Arles cityscapes

During his career as an artist, Van Gogh lived in several cities – The Hague, Antwerp, Paris, Arles – and in all of them he found subjects for his work. Except for some drawings of Antwerp, he always showed a remarkable lack of interest in cities’ old monuments. Van Gogh sought his inspiration mainly in everyday life and relics from the past did not hold much interest for him.
Arles proved to be no different. With the exception of the sarcophagi of the Alyscamps and the courtyard of the hospital where he was treated after his breakdowns, no ancient monuments feature in Van Gogh’s work. He painted ordinary subjects such as a viaduct beneath the railway, and bridges, most notably the iron structure of the former Trinquetaille bridge. The banks of the river Rhône within the city found their way into his work, as did the Canal Roubine du Roi, just northeast of the town. Van Gogh had an unusual talent when it came to transforming such simple themes into original and captivating compositions.
He admired the serene qualities of parks and gardens, and painted both in Arles. The public garden next to the Roman Theatre greatly appealed to him and was the subject of four paintings, which he called “The Poet’s Garden”.

La maison jaune
“The Yellow House (“The Street”)”, 1888. Oil on canvas, 72 x 91.5 cm. Van Gogh Museum, Amsterdam (Vincent Van Gogh Foundation)
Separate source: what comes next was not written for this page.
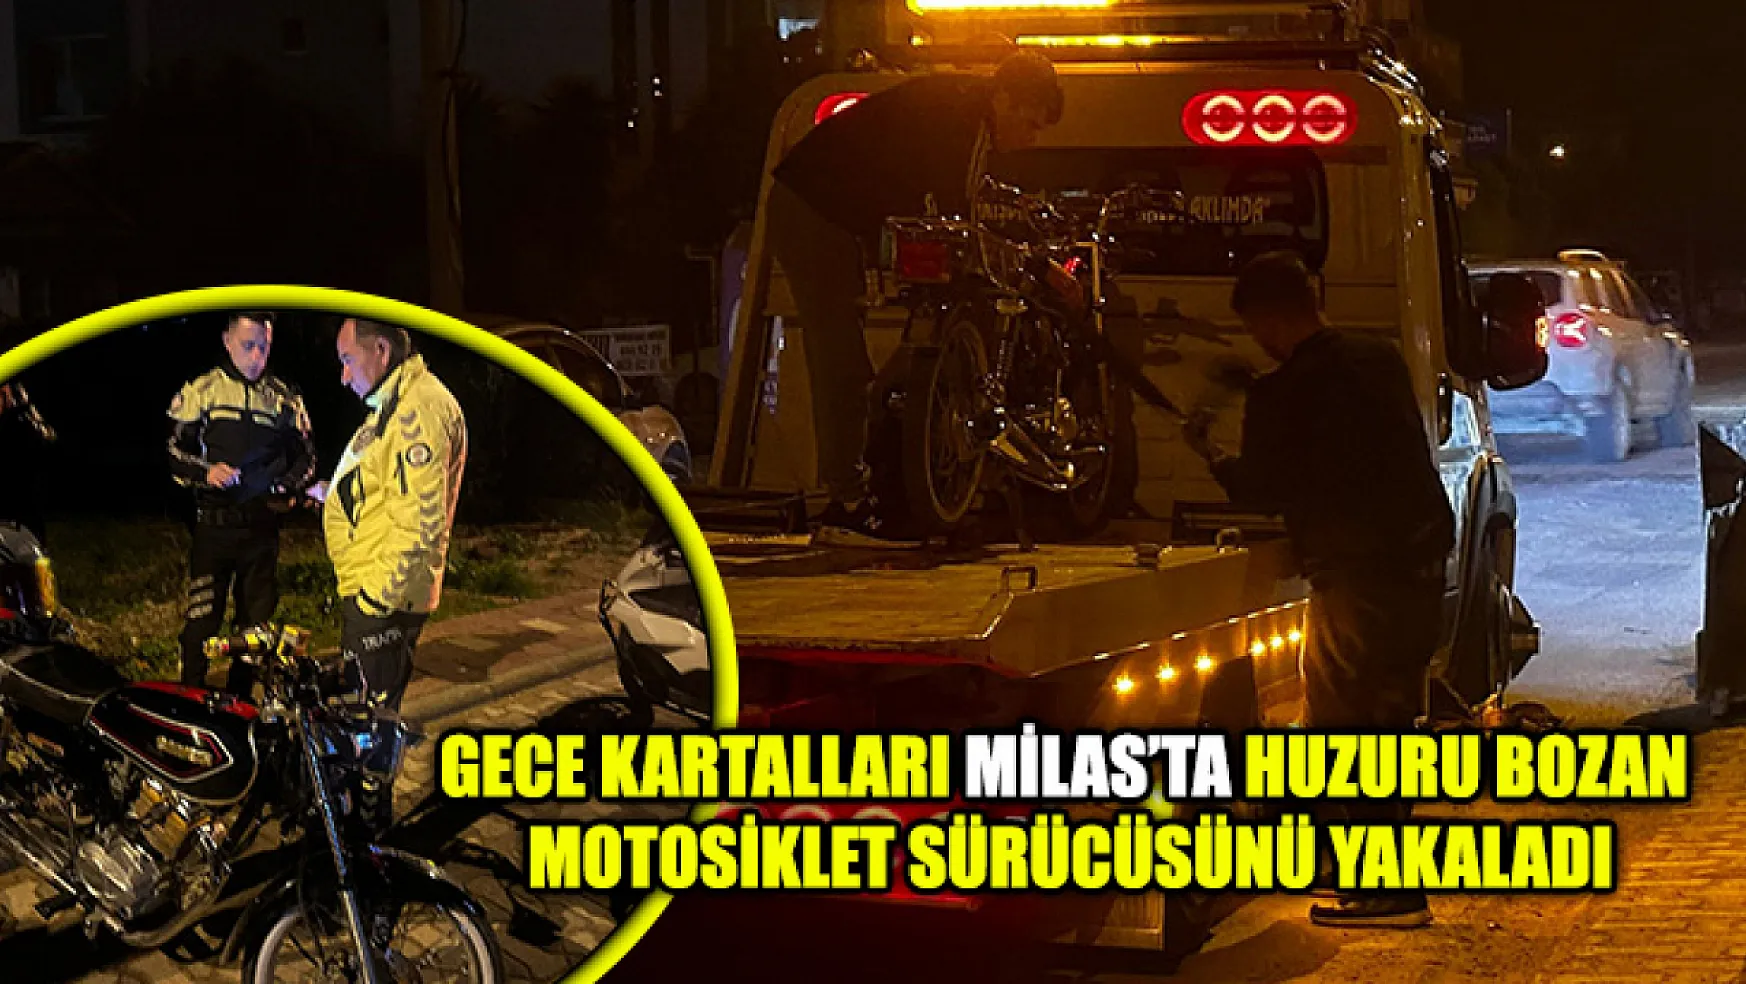 Gece Kartalları Milas'ta Huzuru Bozan Motosiklet Sürücüsünü Yakaladı

Several of his cityscapes became true icons in his oeuvre. The small house on Place Lamartine, in which he lived (no longer exists), is the central feature of the painting commonly known as “The Yellow House”, but which Van Gogh called The Street. A remarkable scene was painted at night: Van Gogh set up his easel near the Café de la Nuit on the Place du Forum and painted the café, bathing in yellow light, against a starry sky.
During Gauguin’s stay in Arles, the two artists made several paintings of the Alyscamps on the south eastern edge of the old town. All of them are very atmospheric autumn scenes, as is appropriate for this ancient necropolis.
During his second stay in the hospital of Arles, the 16th-17th century Hôtel-Dieu, Van Gogh made a painting and a drawing of its beautiful courtyard, recording his surroundings during this difficult stage of his life.
A view of Arles is included among many other paintings and drawings, such as “Field with Flowers near Arles”, in which irises in the foreground dominate the image. In these works, the town functions as a backdrop to the landscape.